**DIRECTIONS:**
Your copy must hold all of the data below, unchanged and without images.

**AVAILABLE DATA:**
• • • •

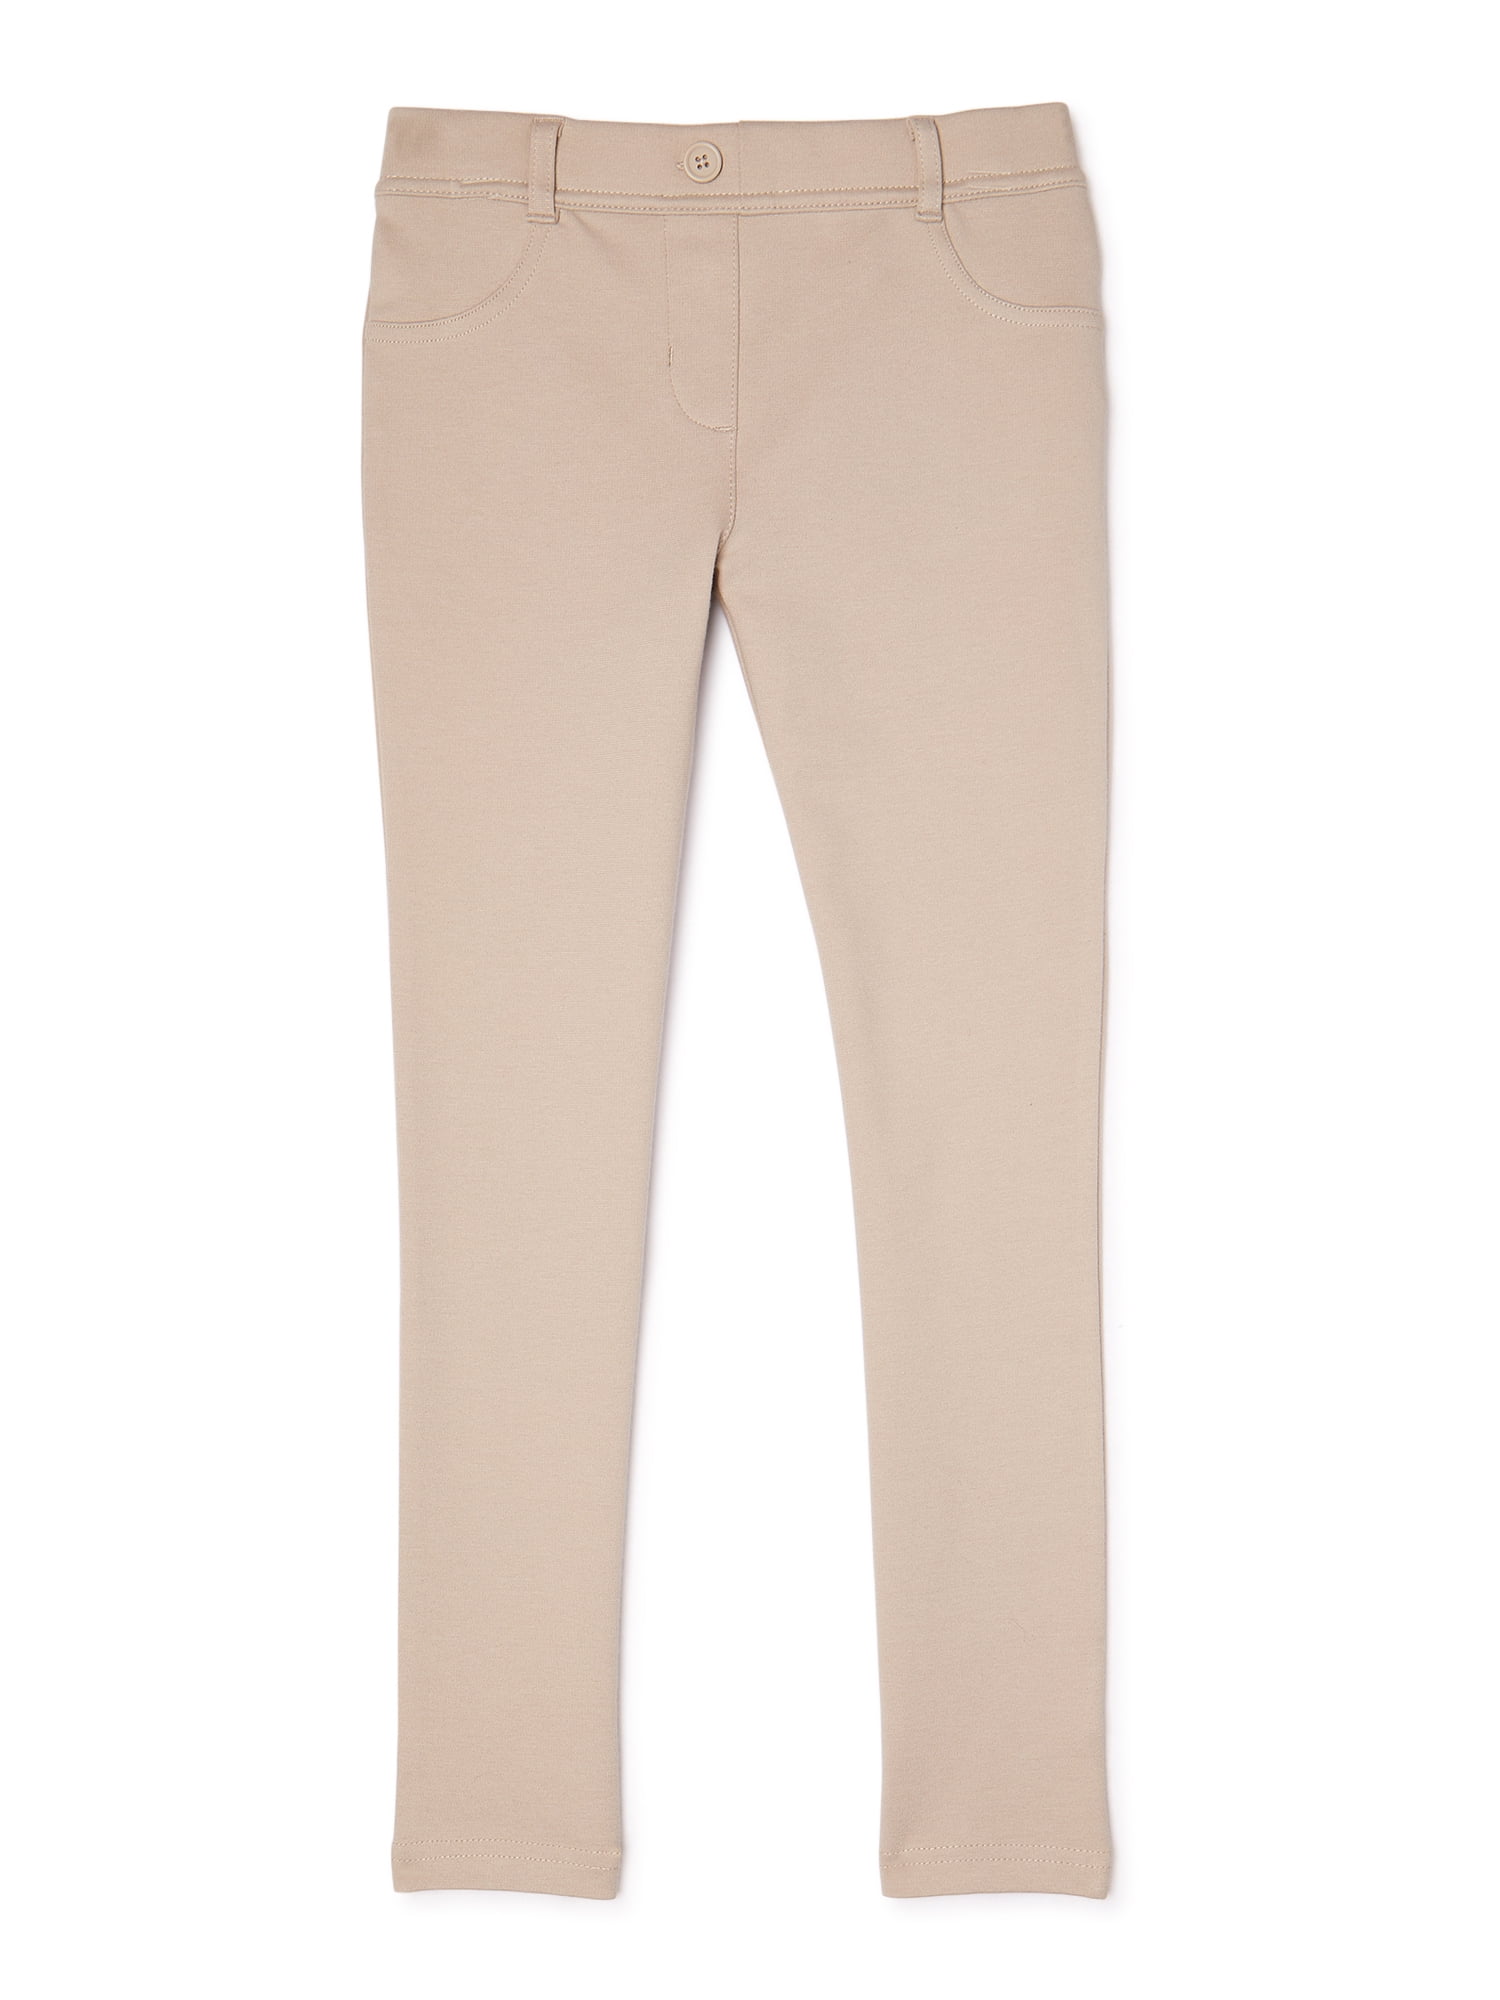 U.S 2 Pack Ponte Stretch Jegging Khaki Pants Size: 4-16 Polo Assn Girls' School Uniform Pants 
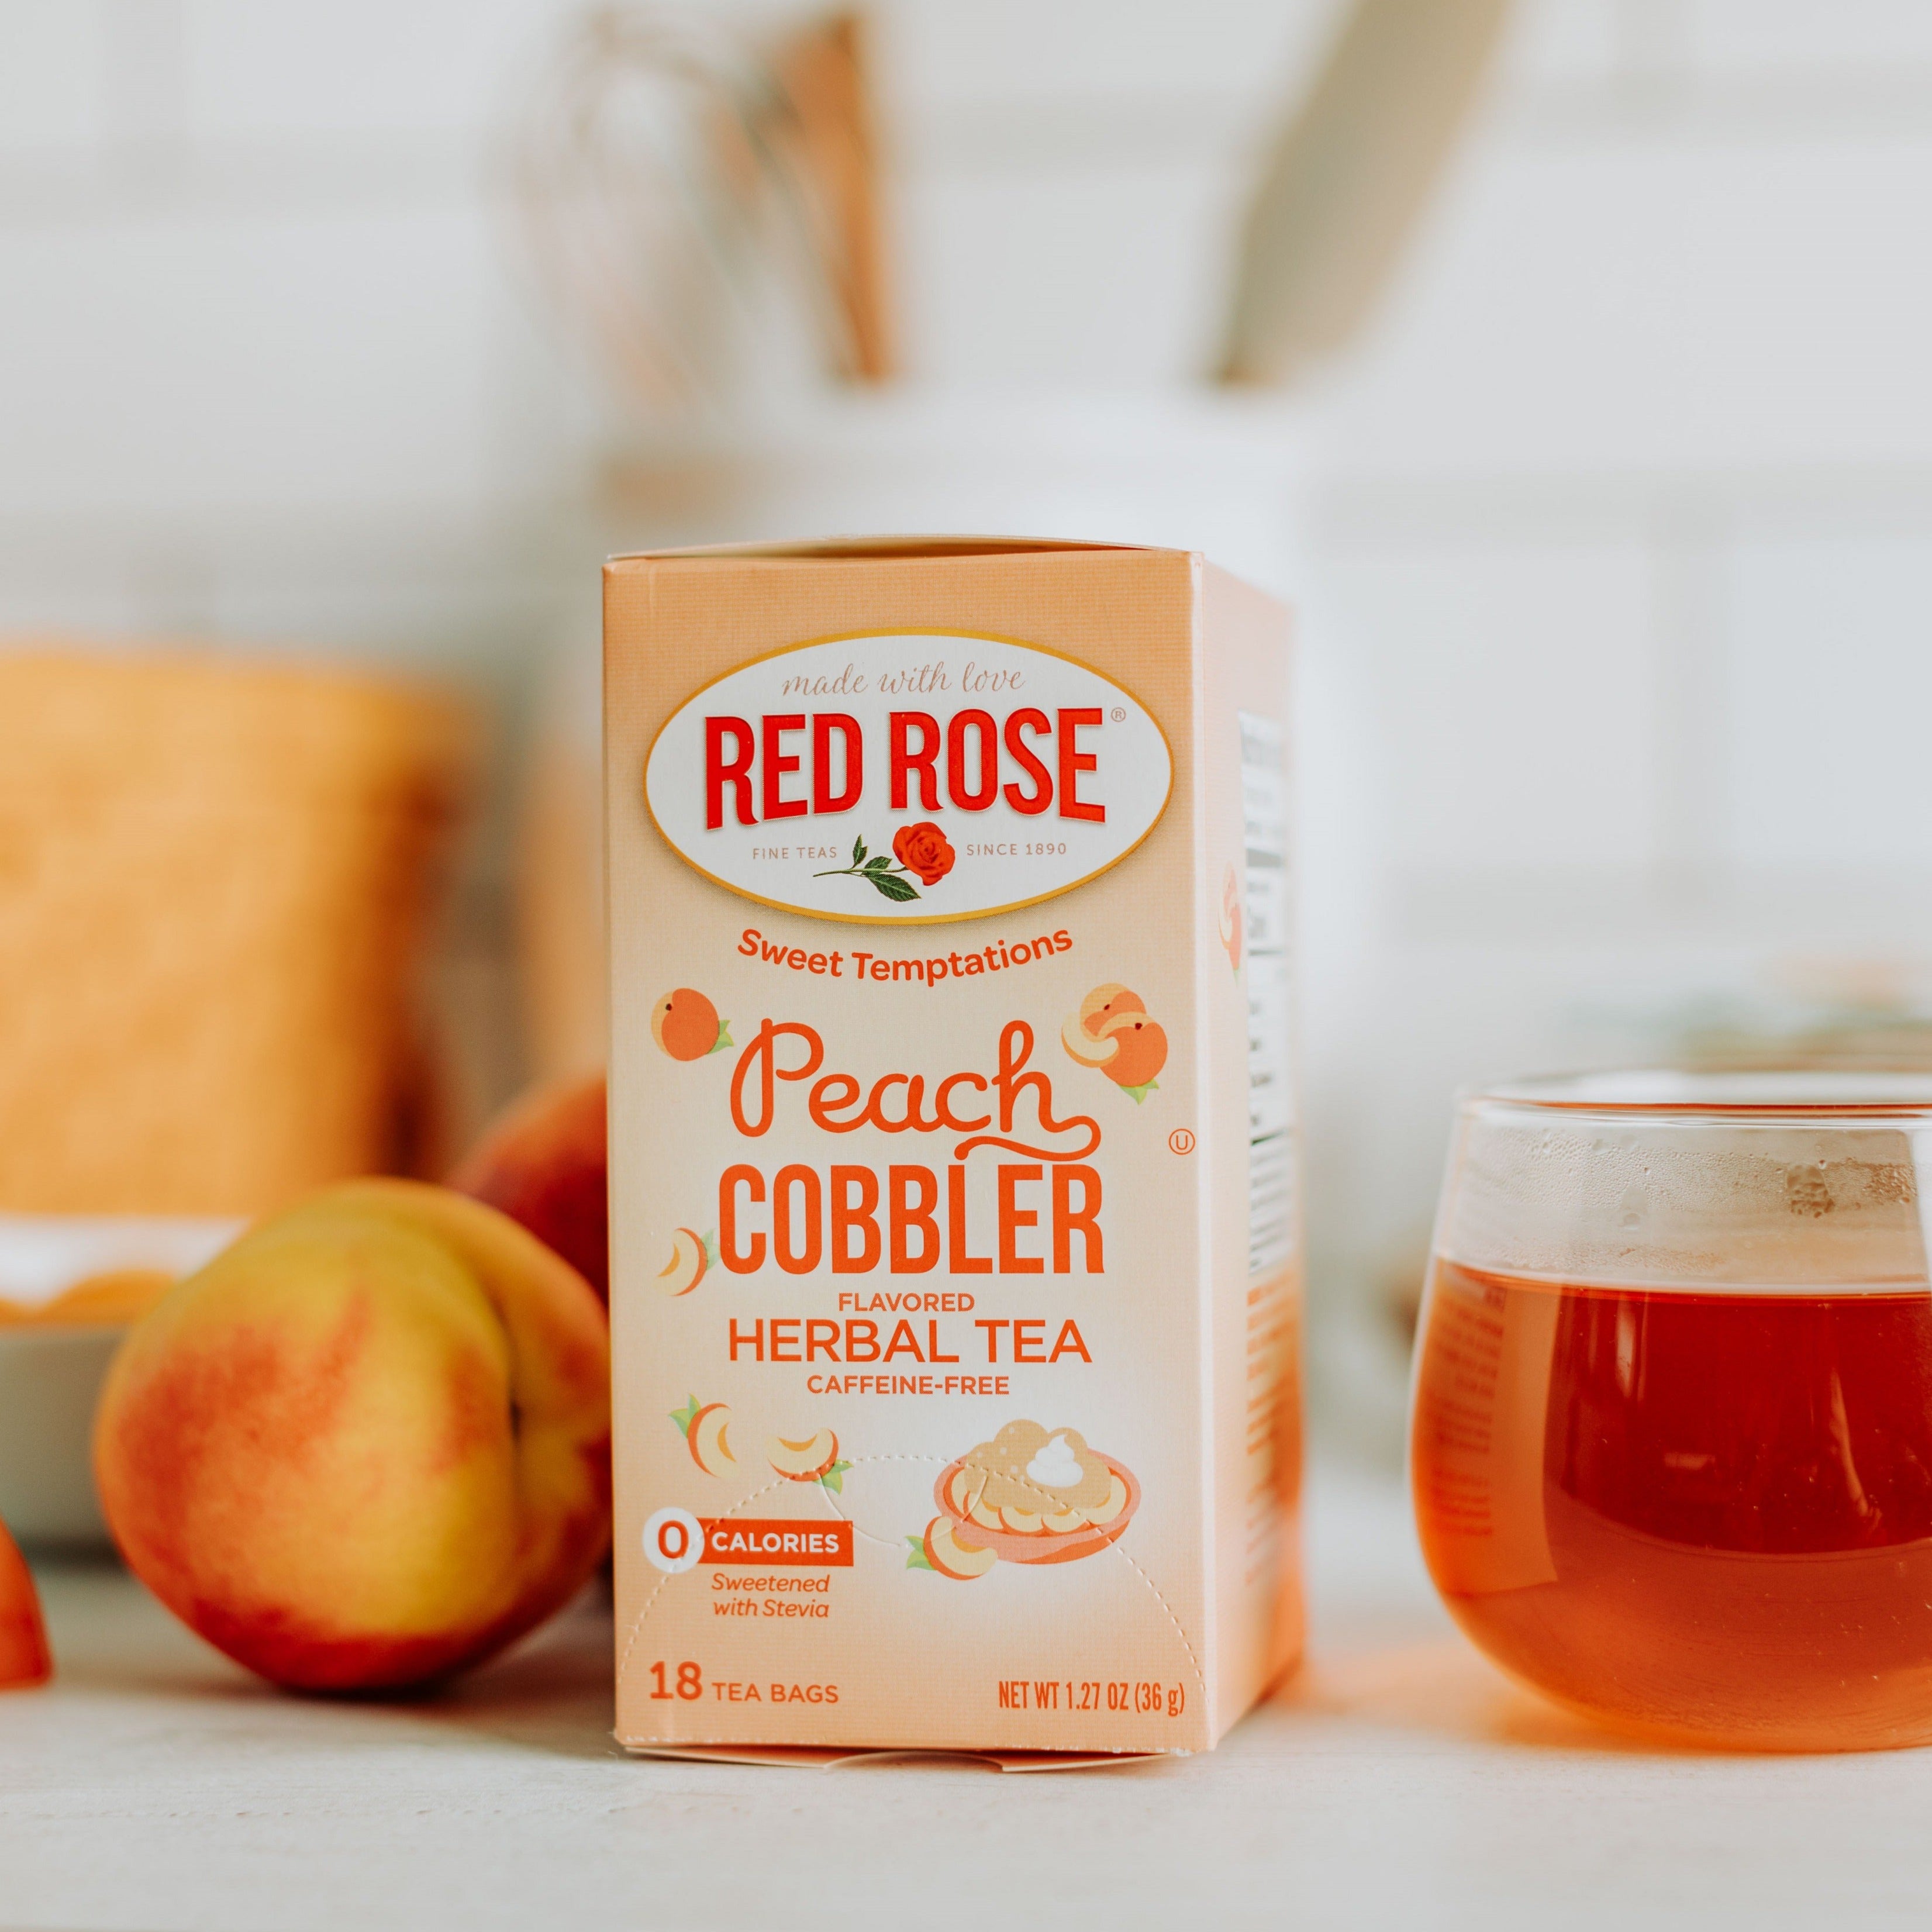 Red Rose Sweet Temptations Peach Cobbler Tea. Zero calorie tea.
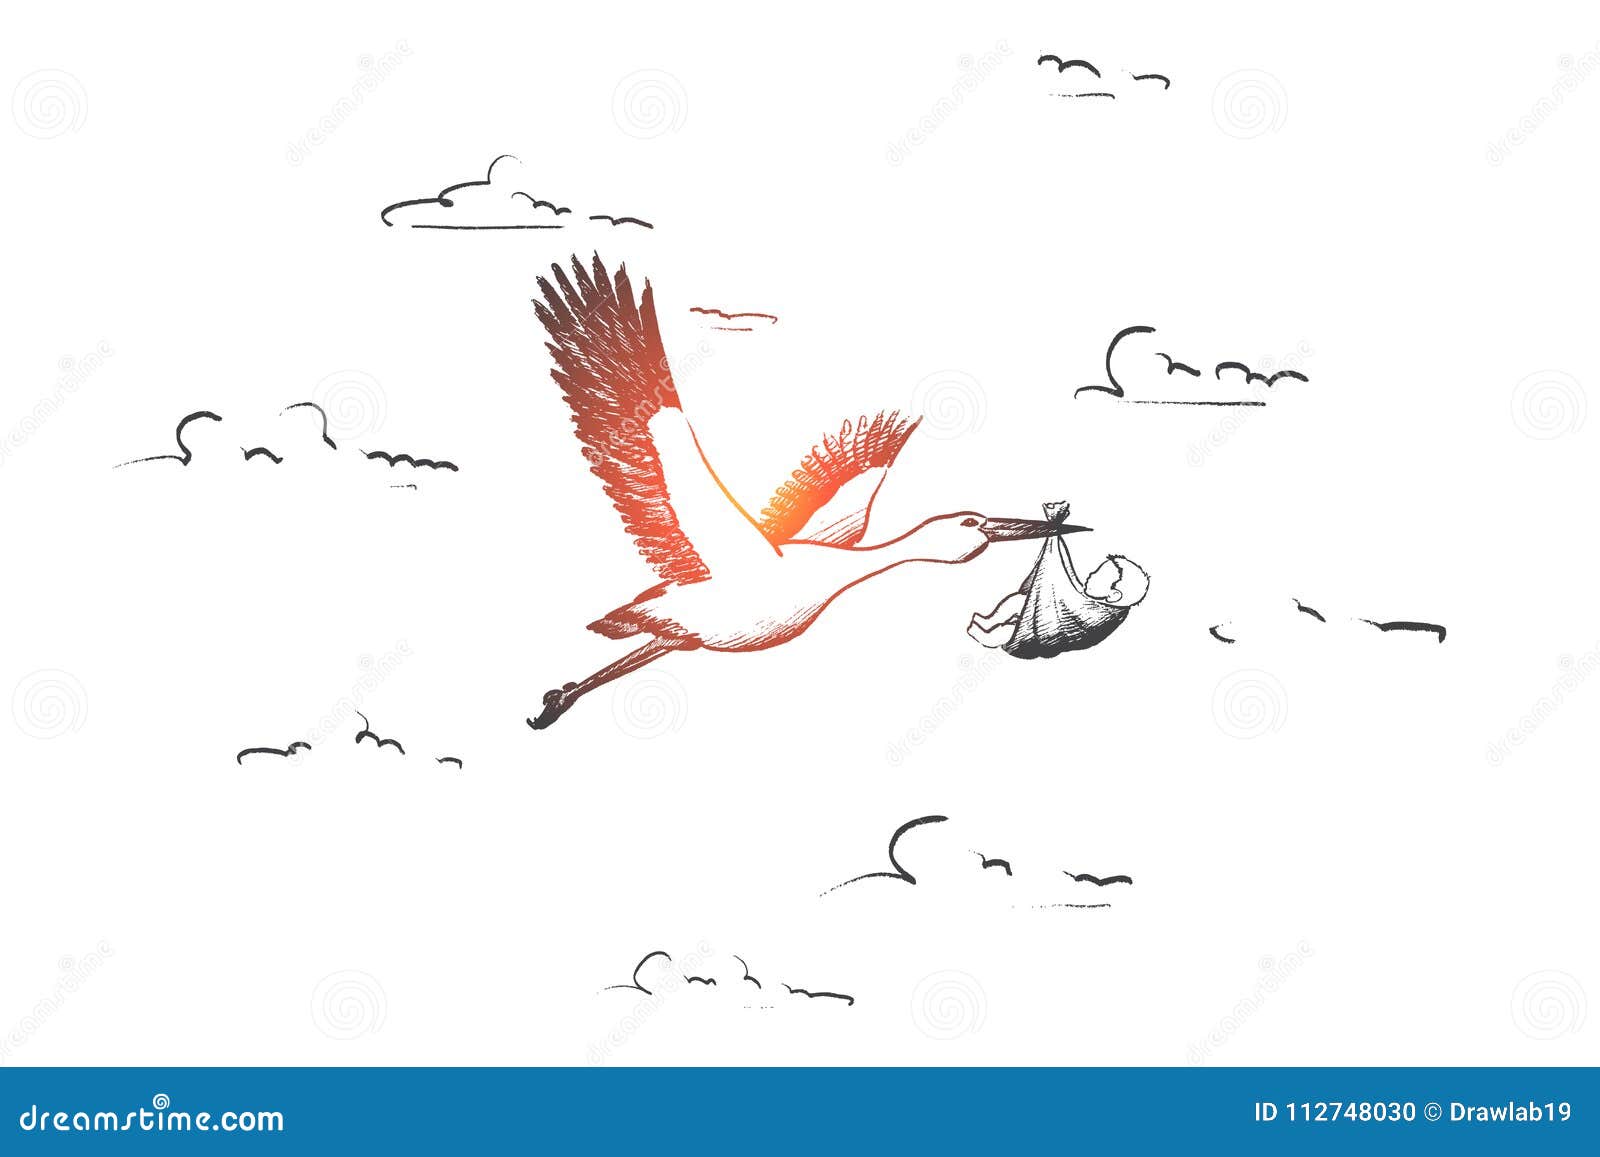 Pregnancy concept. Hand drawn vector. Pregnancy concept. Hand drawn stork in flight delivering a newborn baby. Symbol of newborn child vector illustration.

• • • •

**RESPONSE TO THE EXERCISE:**
 U.S 2 Pack Ponte Stretch Jegging Khaki Pants Size: 4-16 Polo Assn Girls' School Uniform Pants 
 Red Rose Sweet Temptations Peach Cobbler Tea. Zero calorie tea.
 Pregnancy concept. Hand drawn vector. Pregnancy concept. Hand drawn stork in flight delivering a newborn baby. Symbol of newborn child vector illustration.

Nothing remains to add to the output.